For details about the zippylog project, including why you may want to use it, visit the project wiki.
Additional, more technical documentation, is stored next to the code it describes in the doc/ directory of the Git repository.
To run, zippylog requires:
- Protocol Buffers 2.3.0 or later
- ZeroMQ 2.0.10 or later
- Lua 5.1 (or any distribution conforming to the C API)
To build zippylog and generate message classes, you'll need:
- Python 2.6 or later
- CMake (Linux)
- Visual Studio 2008 or later (Windows)
Instructions for installing zippylog are in the doc/ directory. See the various -development.md files.
Next, you'll need to create your domain-specific Protocol Buffer message definitions for the messages you wish to record.
Start by creating a directory to hold your definitions.
mkdir ~/zippylog-messages
cd ~/zippylog-messages
You'll create .proto files in this directory.
The directory structure in this directory determines the namespace of messages. The first directory level is the message namespace. This likely corresponds with your company or organization name. i.e. if you are the ACME company, you'll probably want to create an acme directory at the root.
Under your namespace directory, create additional directory layers as are necessary.
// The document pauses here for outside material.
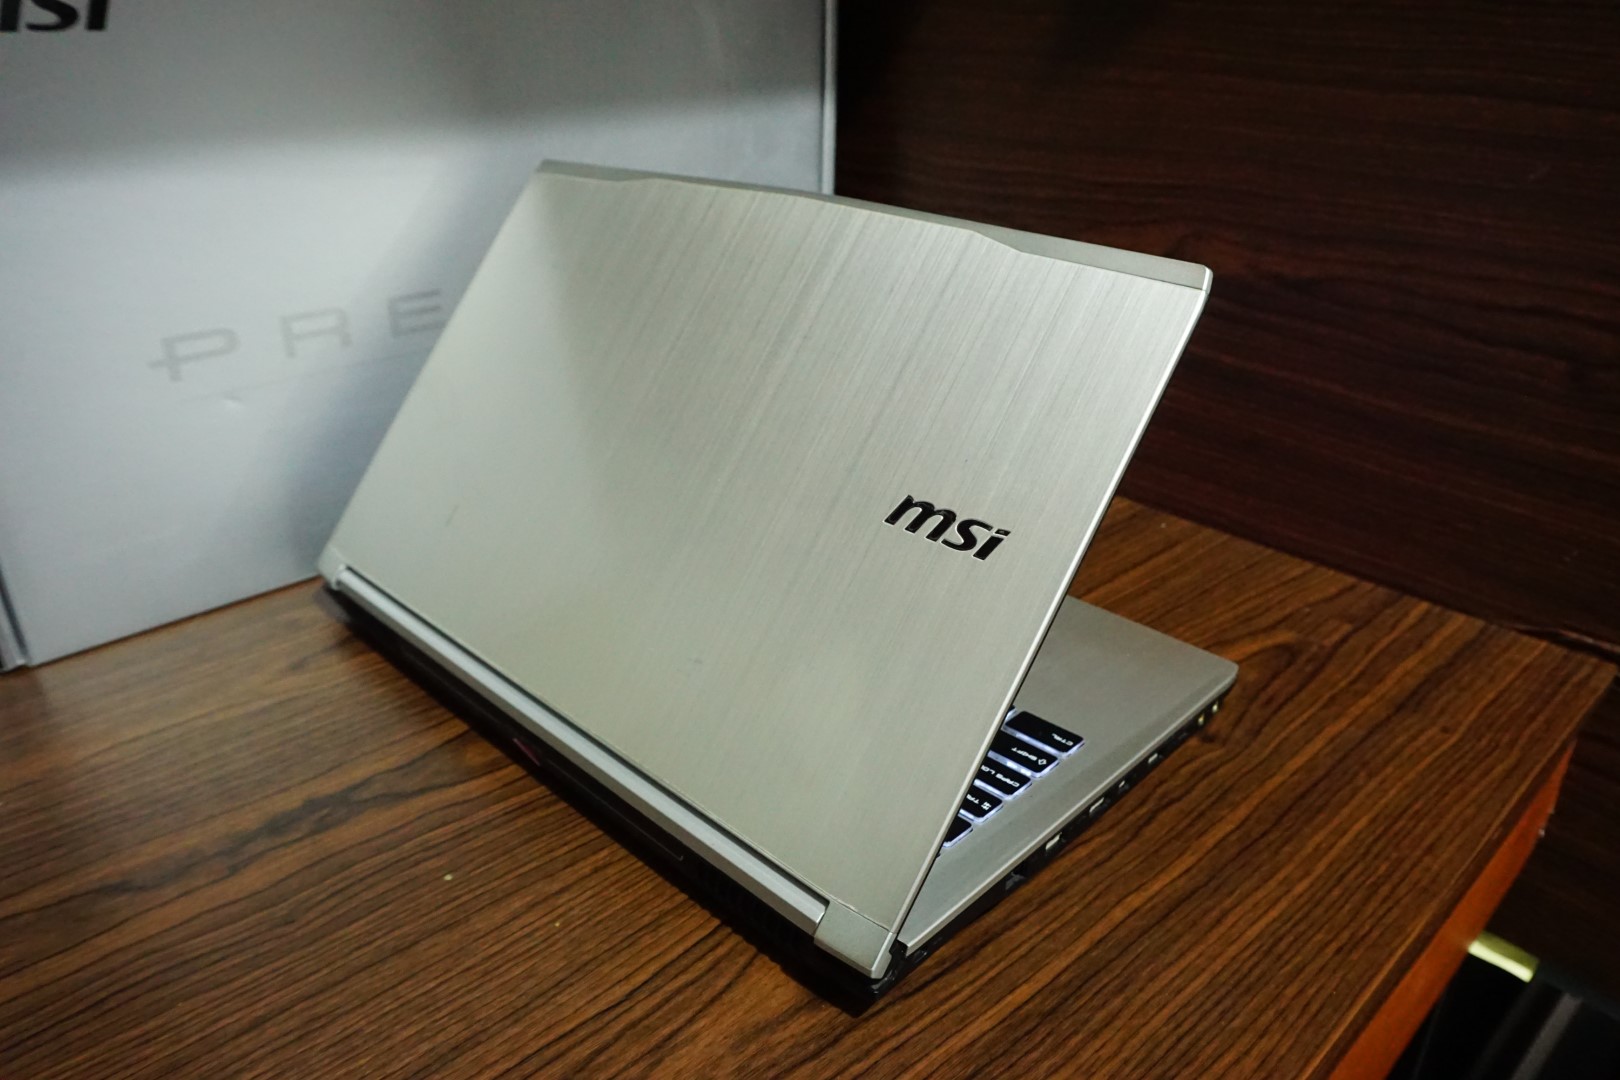 Jual Laptop MSI Prestige PE60 6QE Fullset
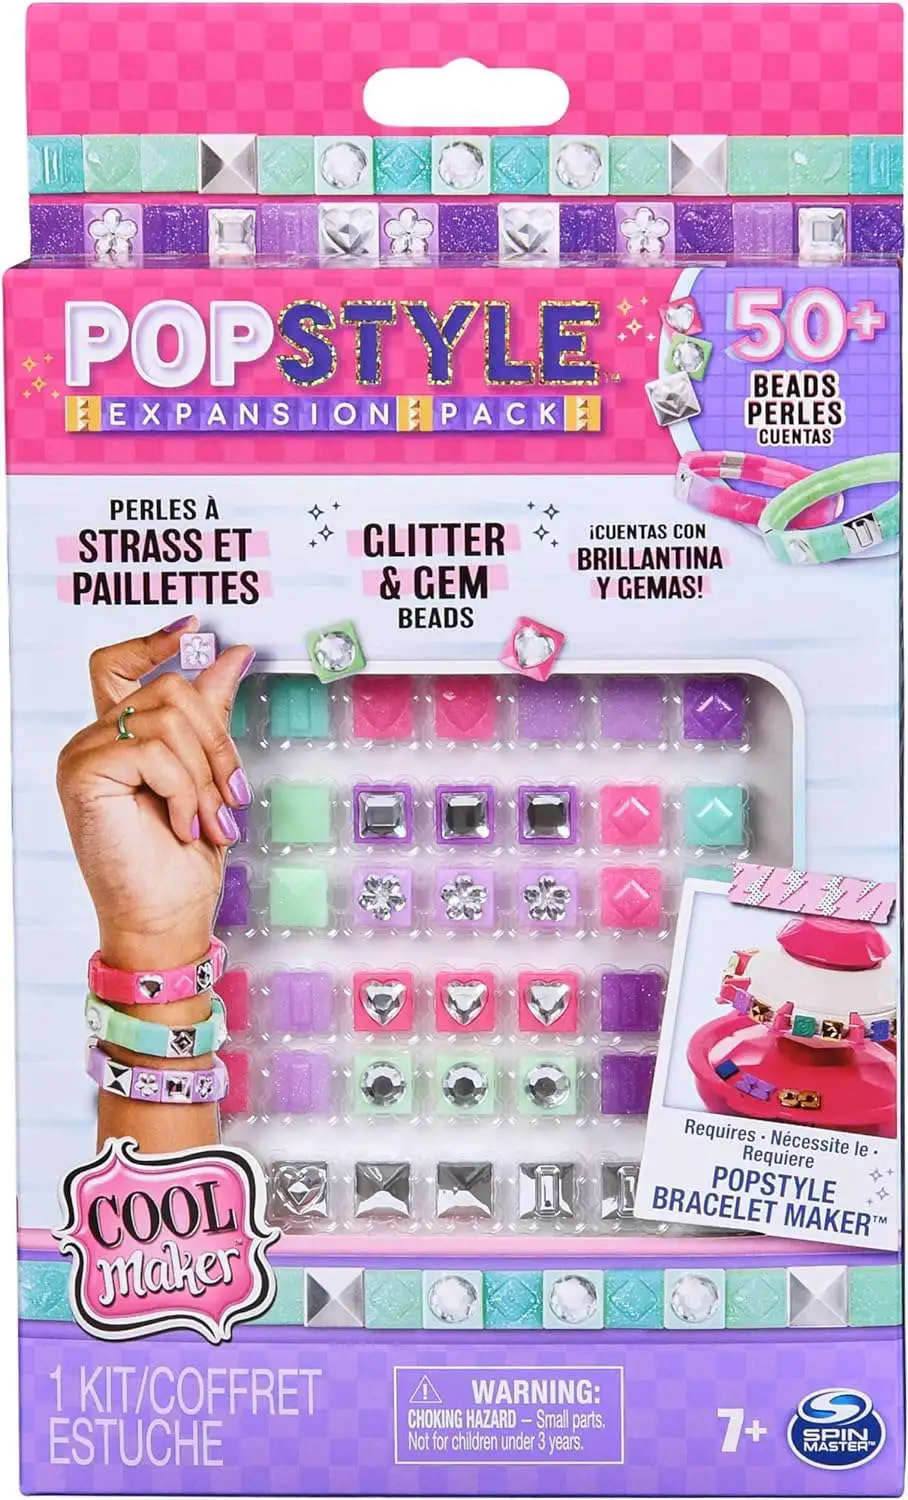 Spin Master Toy Cool Maker PopStyle Create and Remake BraceletMaker

At any directory, create .proto files containing your message definitions. The name of the file will form a final namespace member.
For small organizations with limited amounts of message types, you may want a flat namespace:
- /acme/webapp.proto
- /acme/db.proto
Or, if there are many message types per application, you may wish to group them additionally:
- /acme/webapp/errors.proto
- /acme/webapp/billing.proto
- /acme/webapp/performance.proto
For larger organizations, you may wish to add some corporate hierarchy:
- /acme/operations/router_stats.proto
- /acme/operations/system_stats.proto
- /acme/sales/purchase_order.proto
The protocol buffer Language Guide is the definitive source for creating .proto files.
Once you have defined your messages, you'll need to run zippylog_compile to generate bindings to zippylog.
zippylog_compile ~/zippylog-messages ~/zippylog-generated
Like the message source directory, you'll likely want to have the output directory under version control. That way, in case you do something silly, you can easily revert changes.